RichardHightower avatar Oct 09 '15 04:10 RichardHightower

You don’t have to use request params.

(caps are for emphasis not yelling)

This will WORK:

/tools/dimensions/{toolId}
/tools/query/{toolId}

As long as you don’t have the same root URI, you can still use path variables.

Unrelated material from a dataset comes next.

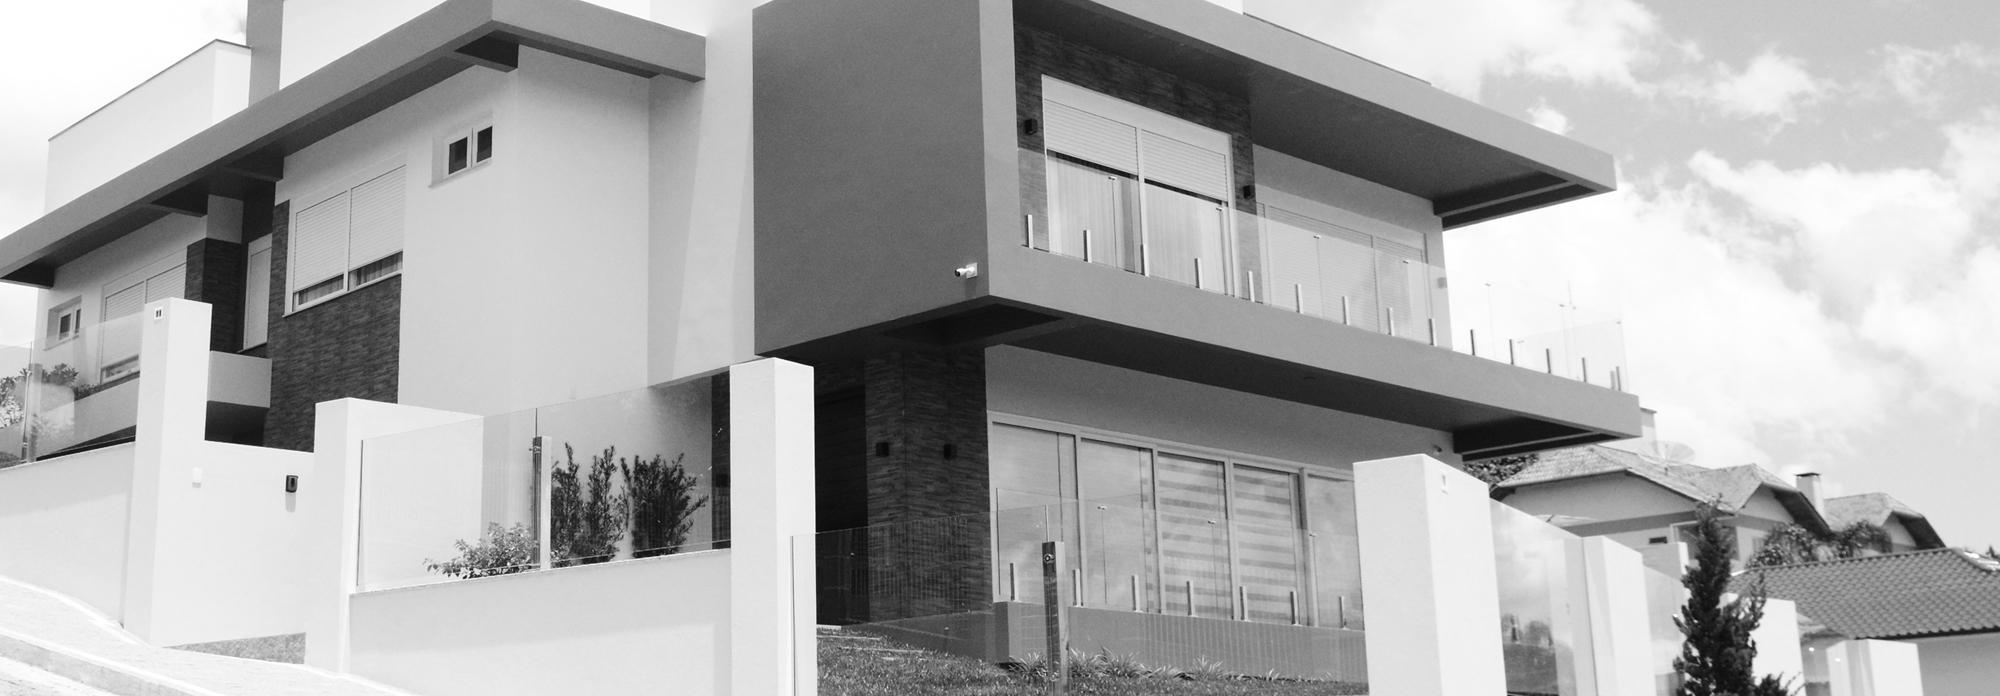 imagem-arquitetura-banner6-sem-logo

I use them all of the time.

This works:

/book/author/{authorid}/isbn/{isbn}

The above is fine.

You just can’t have both of these (NO WORKY):

/book/author/{authorid}/isbn/{isbn}
/book/author/{authorid}

The reason is I only use the root to determine uniqueness of the URI. Mostly for speed. But I could handle the other, but then I need to build a pre-parsed meta-data tree so I don’t have to parse the string each time to determine uniqueness. (Just more work.)

But you can have:

/book/author/{authorId}
/book/isbn/{isbn}
/book/isbn-author/{authorId}/{isbn}

as long as the ROOT is UNIQUE.

This is a limitation of the implementation, which has less limitations this my first version which I wrote in an hour after one of my best friends said why don’t you add path variable support and REST support (before that QBit just did WebSocket calls). I said it would be easy. Then I wrote the first version in an hour. It worked for about 80% of the cases. The second version took days. It gets me to around the 95% of cases. But yeah.. I need some improvement to get to this level of non-unique roots. I have not figure out a way to do it that is not so CPU intensive. I basically want to pre-parse everything up front, and then have very little logic or parsing done at runtime. It can be done, but it makes the logic a lot more complicated (it just takes time and unit tests).